[[ DATASET SECTION open ]]
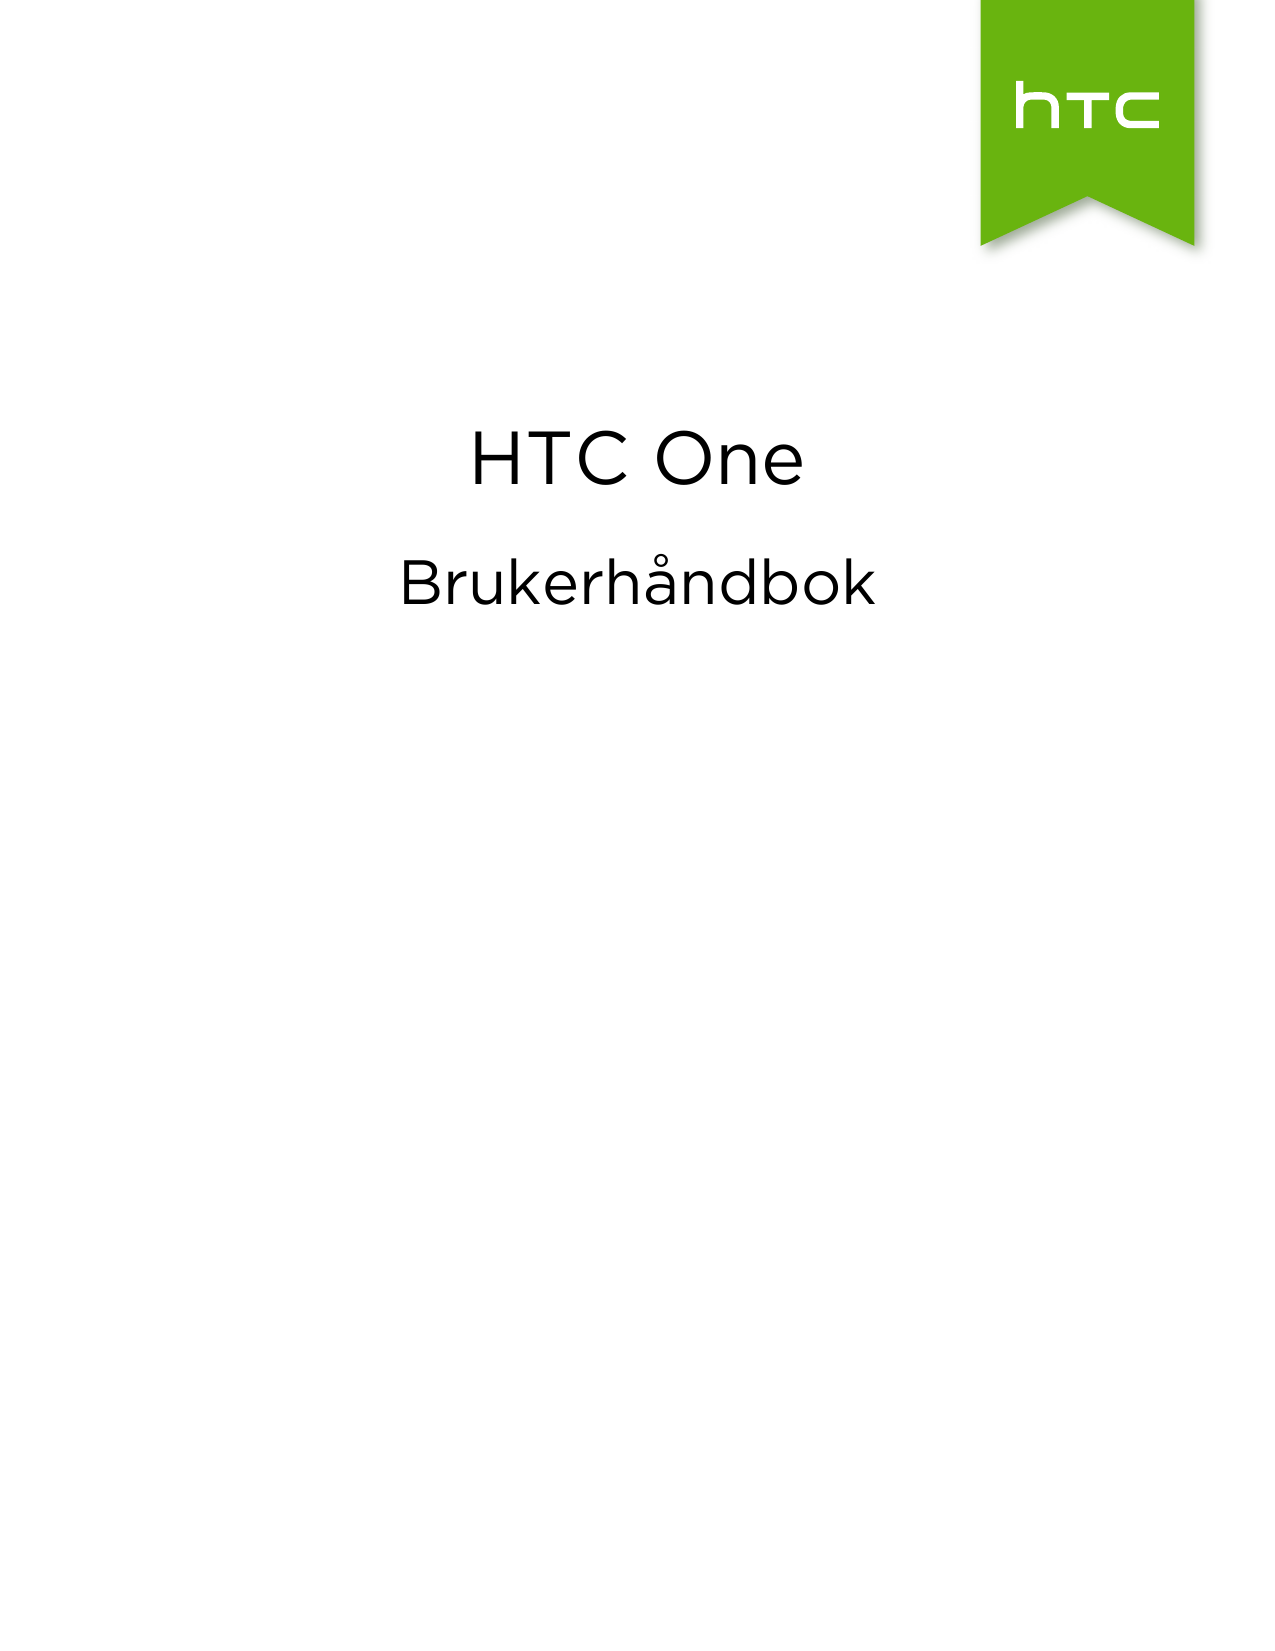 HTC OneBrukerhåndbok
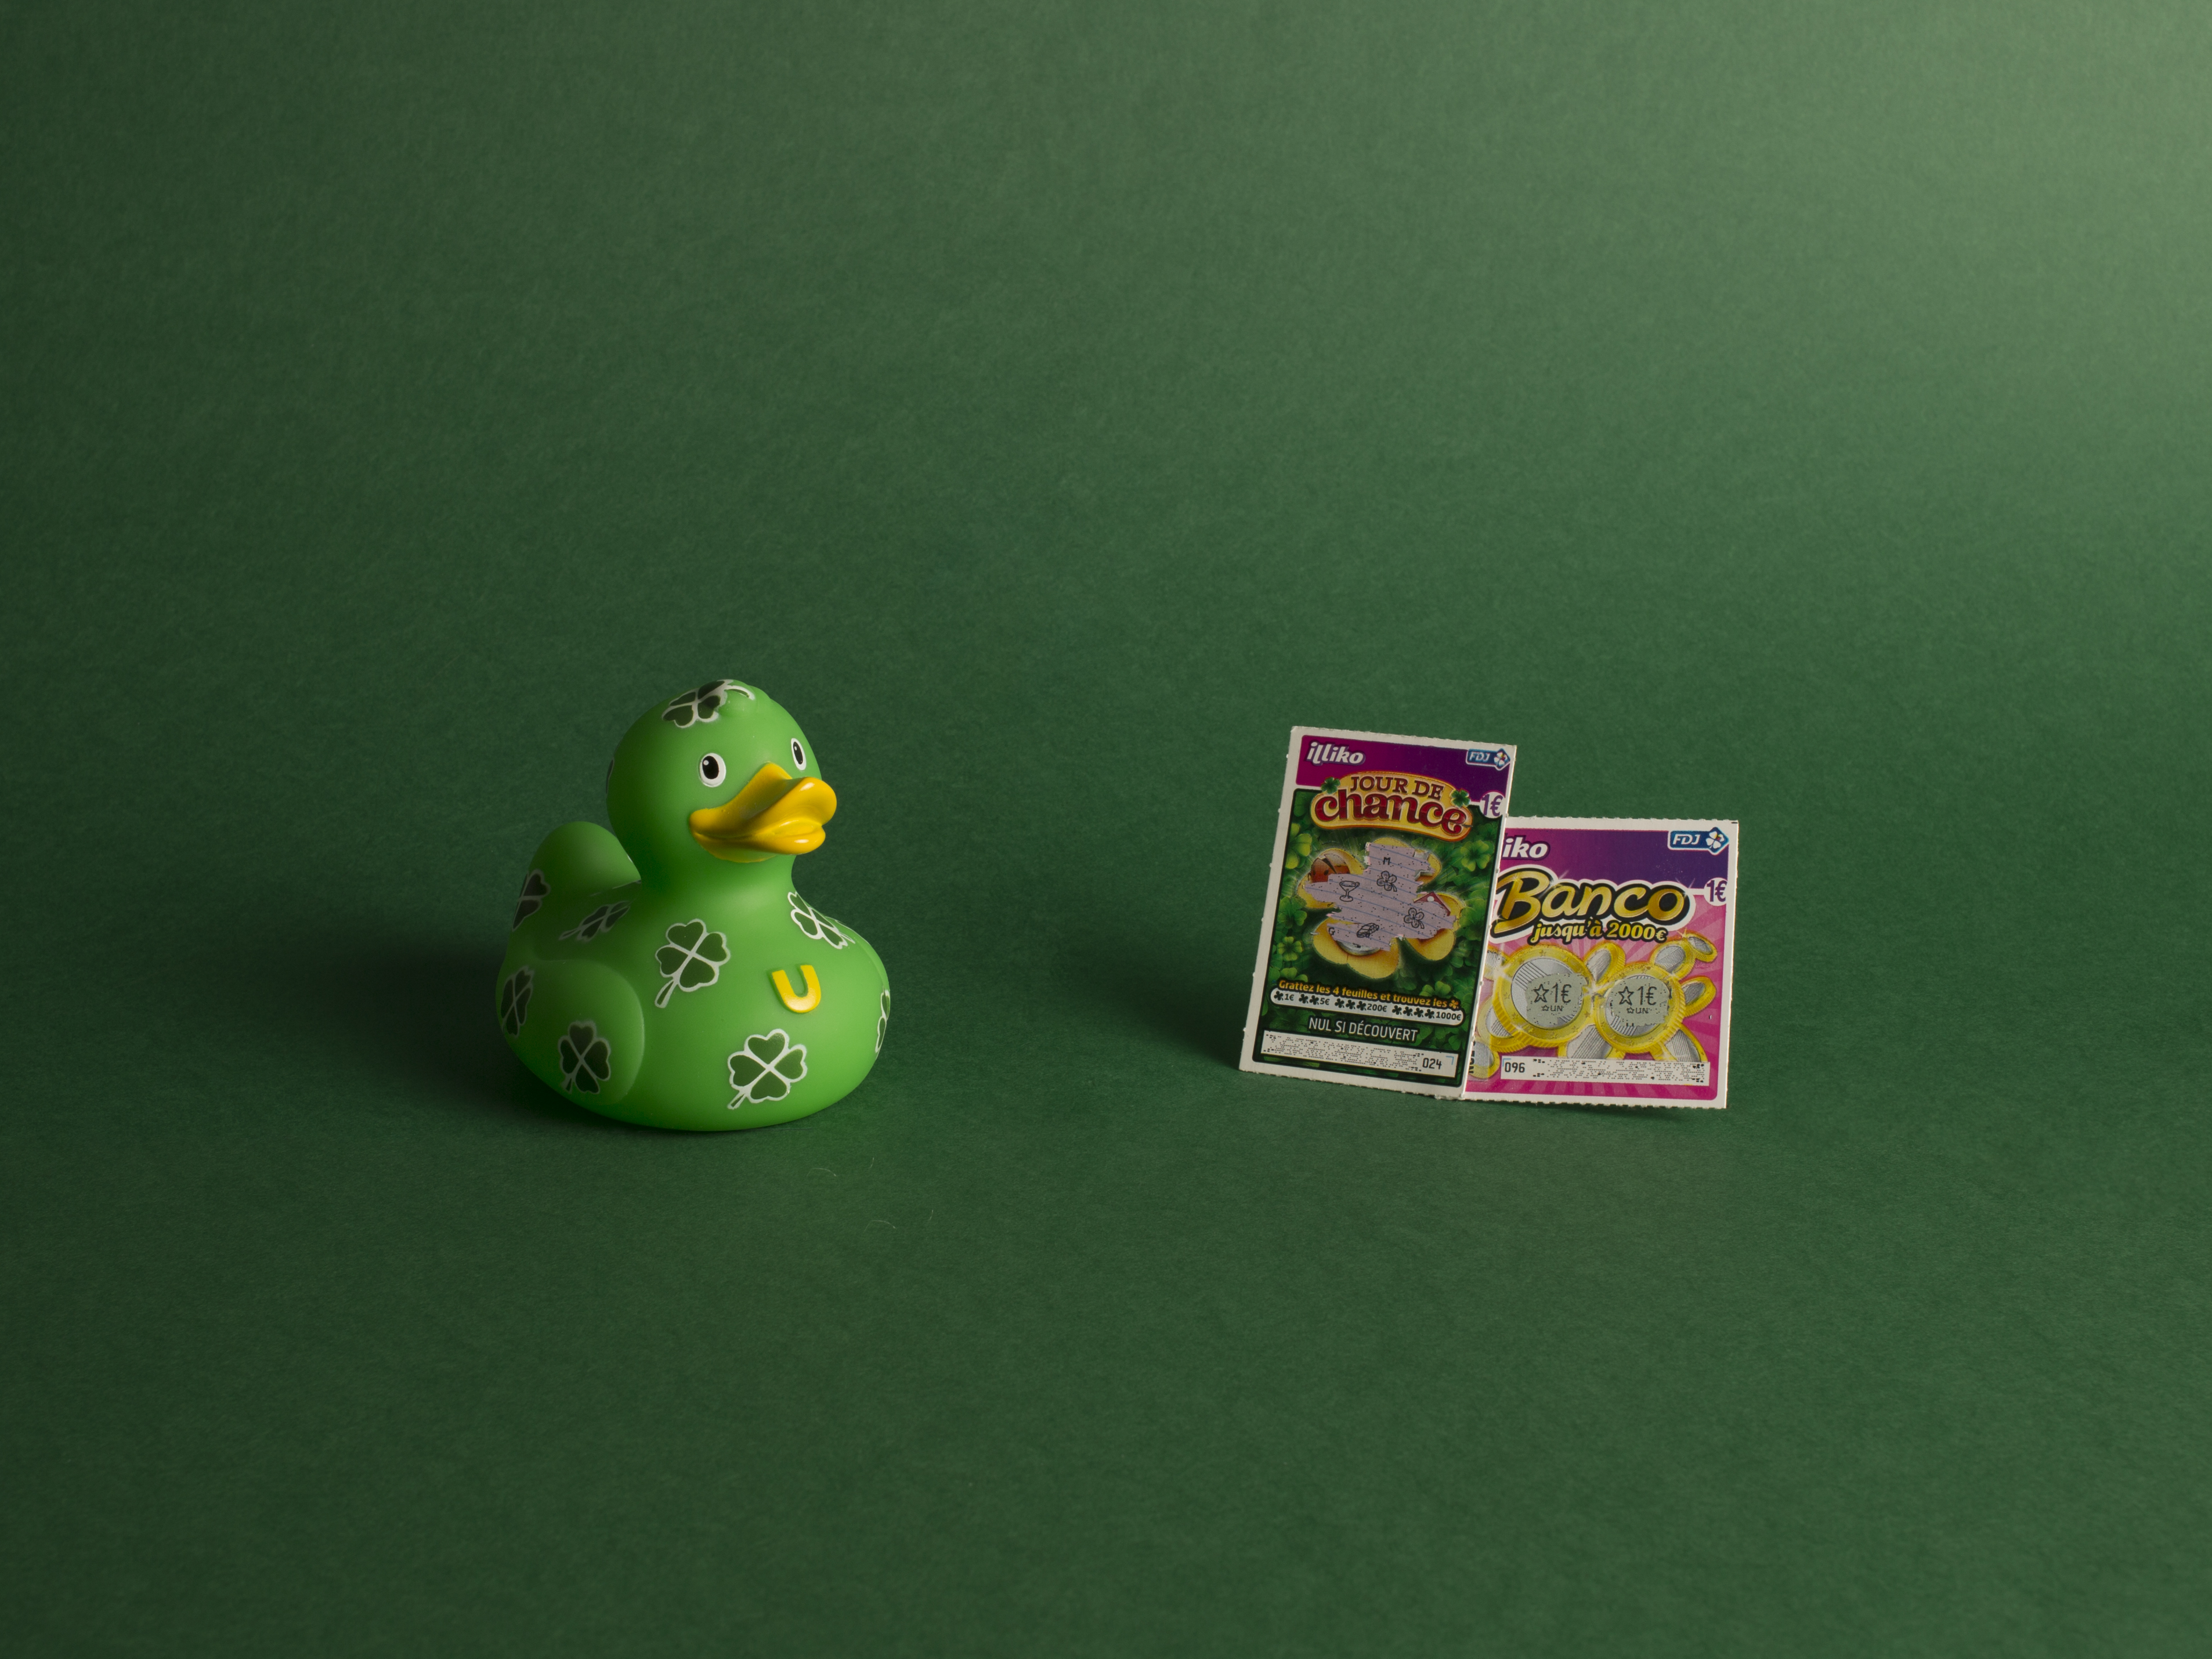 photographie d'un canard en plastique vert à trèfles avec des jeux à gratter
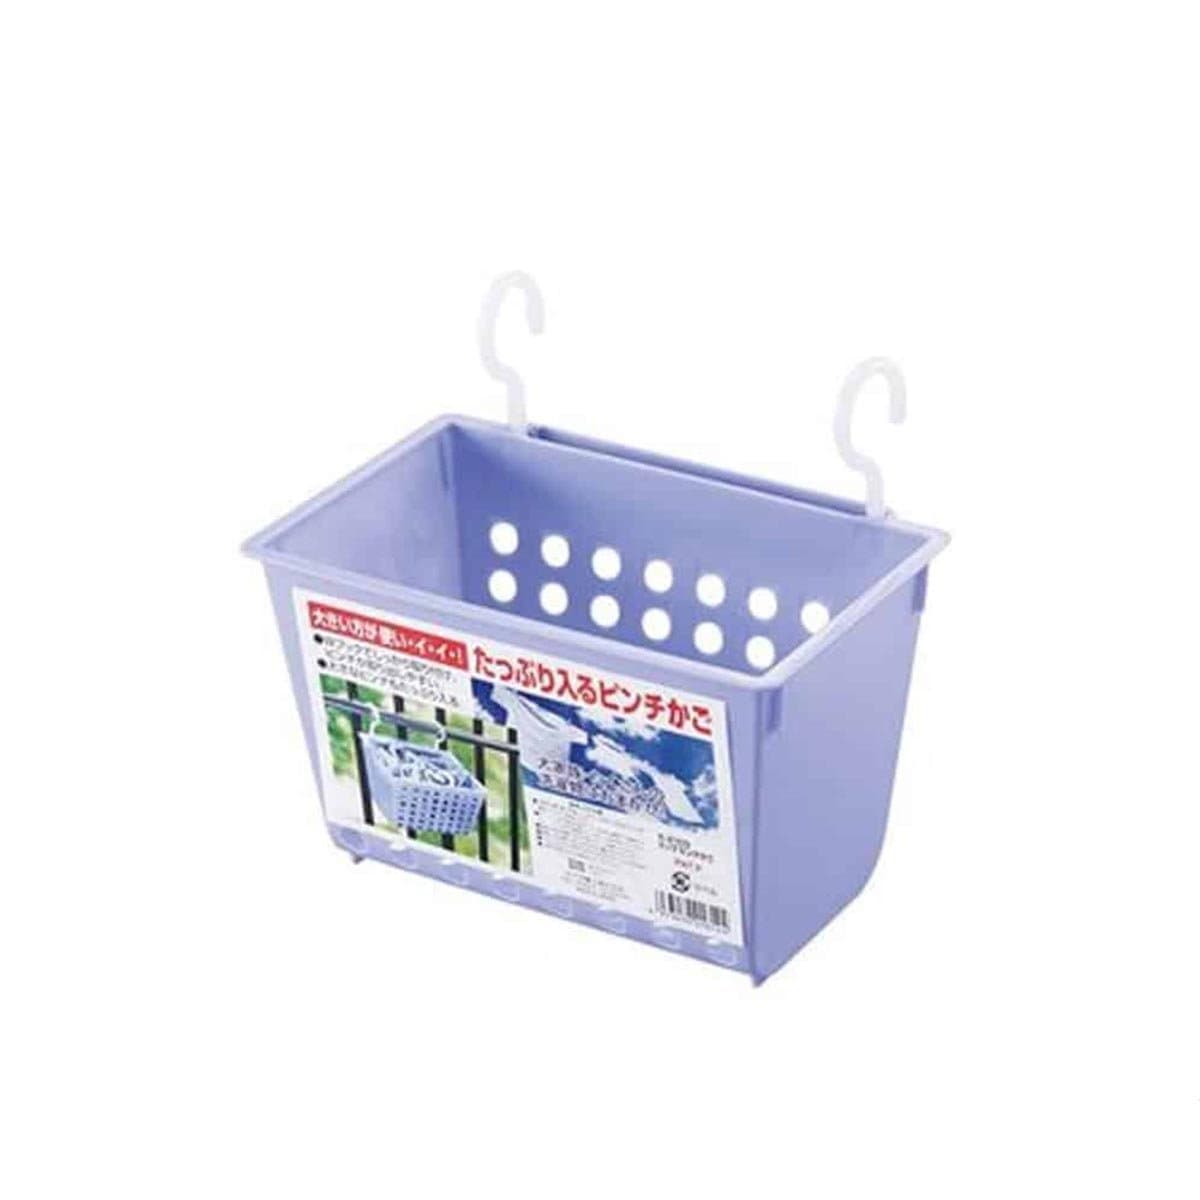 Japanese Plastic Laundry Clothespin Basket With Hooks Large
[[ DATASET SECTION closed ]]
◆ YOUR INSTRUCTIONS: Pictures stay out; everything else in the listing above gets restated word for word.

◆ REPLY:
 HTC OneBrukerhåndbok
 photographie d'un canard en plastique vert à trèfles avec des jeux à gratter
 Japanese Plastic Laundry Clothespin Basket With Hooks Large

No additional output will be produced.